# Virginia Open Spring 2016 - April 2nd



## Sessinator (Feb 25, 2016)

Happy to announce we will be hosting yet another competition this spring!

Date:
Saturday, April 2, 2016

Location:
University of Virginia (Charlottesville, Virginia)

Events:
2x2
3x3
4x4
3x3 Blindfolded
3x3 One-Handed

Pyraminx is _tentative _

In addition, we have set the competitor limit to 100. Registration closes on either March 30 at 11:59 PM EST, or when the number of registered competitors hits 100.

Registration will open in a few days! Also, check back for more info on shirts!

For more information, including registration, check out the competition website: https://www.cubingusa.com/VirginiaSpring2016/index.php


----------



## henrysavich (Feb 25, 2016)

ofc pyra is only tentative

Ill be going still, thanks for organizing this!! 

also your competitions usually run ahead of schedule so im not worried


----------



## 4Chan (Mar 2, 2016)

Bump bump!

Registration opened today!
Hope to see everyone there


----------



## Sessinator (Mar 12, 2016)

We now have shirts available! Shirt orders will run until March 19 at midnight (eastern time). It is unlikely we will be ordering many extras, so if you are interested in a shirt, please do make an order online! You can visit the front page of the competition site for more information! The competition is only 3 weeks away!


----------



## willtri4 (Apr 4, 2016)




----------



## Sessinator (Apr 4, 2016)

Awesome video!


----------



## 4Chan (Apr 4, 2016)

Heads up for everyone:

So we originally intended on splitting up data check, but I accidentally took all the score cards.
Therefore, I'll be checking them later this week.

However, this is a particularly difficult week for me. 
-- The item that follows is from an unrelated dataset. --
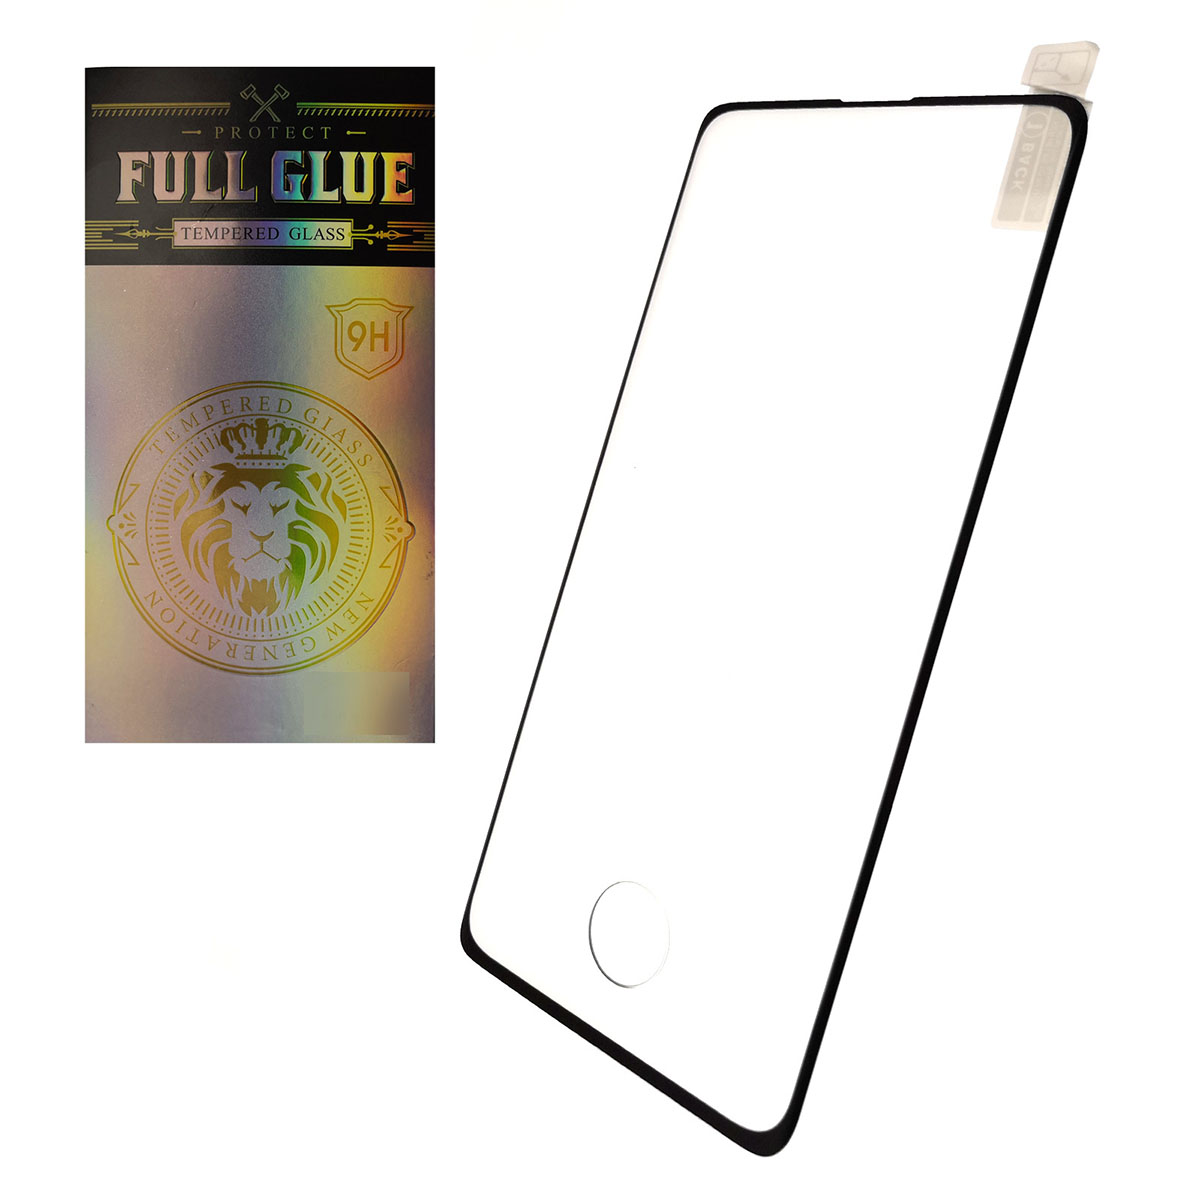 Защитное стекло PROTECT FULL GLUE 9H для SAMSUNG Galaxy S10 Plus (SM-G975),полная проклейка, с вырезом под отпечаток пальца, цвет окантовки черный.

Not only am I making preparations for a comp that I'm organizing and delegating this weekend, I'm in the middle of grading 100+ freshman chemistry midterms. I've also got a research presentation next week, as well as a mini literature review to work on, so tentatively, I should have everyone's results checked and submitted by Thursday! (three days from now)

Sorry for the delay!


----------